WebPositive (also called Web+) is a web browser included with the Haiku operating system. It was created to replace the aging BeZillaBrowser with a WebKit-based browser.

Origin
One part of its name is a tip of the hat to BeOS' simple NetPositive, while the other points to its modern foundation: WebKit, the open source browser engine at the heart of many other mainstream browsers, like Apple's Safari. By making use of WebKit as its engine, WebPositive is able to keep up with the latest web technologies.

History
In the Google Summer of Code 2009, Maxime Simon, mentored by Ryan Leavengood, was commissioned to work on a WebKit port for Haiku, initiated by the work Leavengood had done for a bounty on the Haikuware website.
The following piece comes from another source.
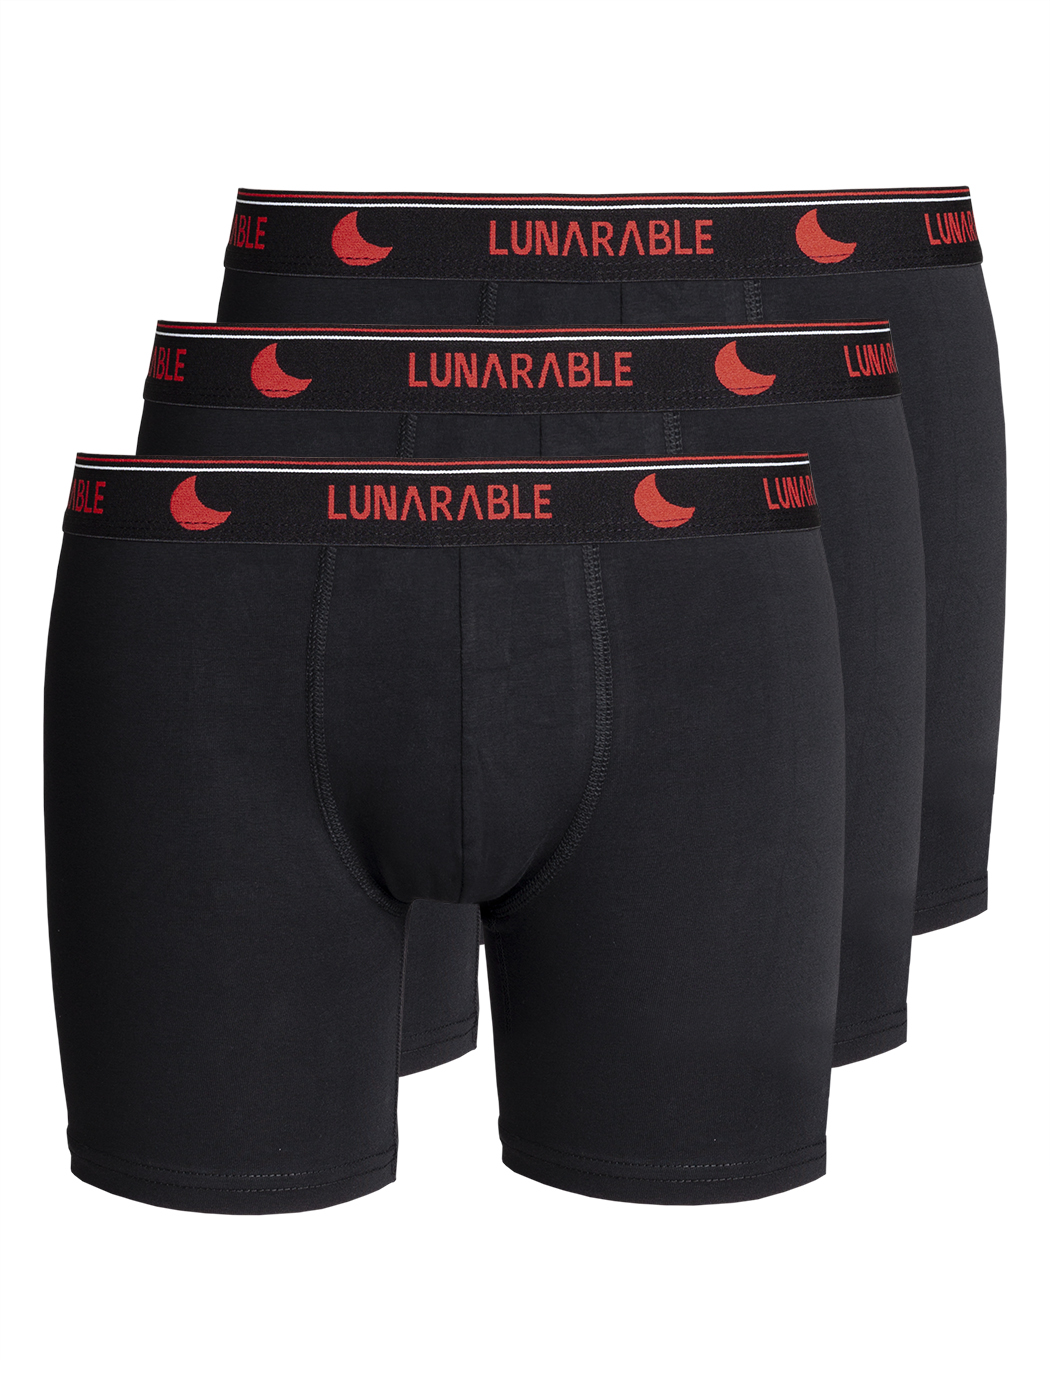 Комплект трусов мужских Lunarable ebox180_ черных XXL

This led to the development of the HaikuLauncher prototype browser, which demonstrated the functionality of the WebKit rendering engine but did little else.

In February 2010, Stephan Aßmus took on the task of improving the HaikuLauncher web browser to make it more usable. This led to many preview releases before a relatively stable version (r488) was integrated into Haiku R1 / Alpha 2. In that same year, Ryan Leavengood took over as the lead developer of WebPositive.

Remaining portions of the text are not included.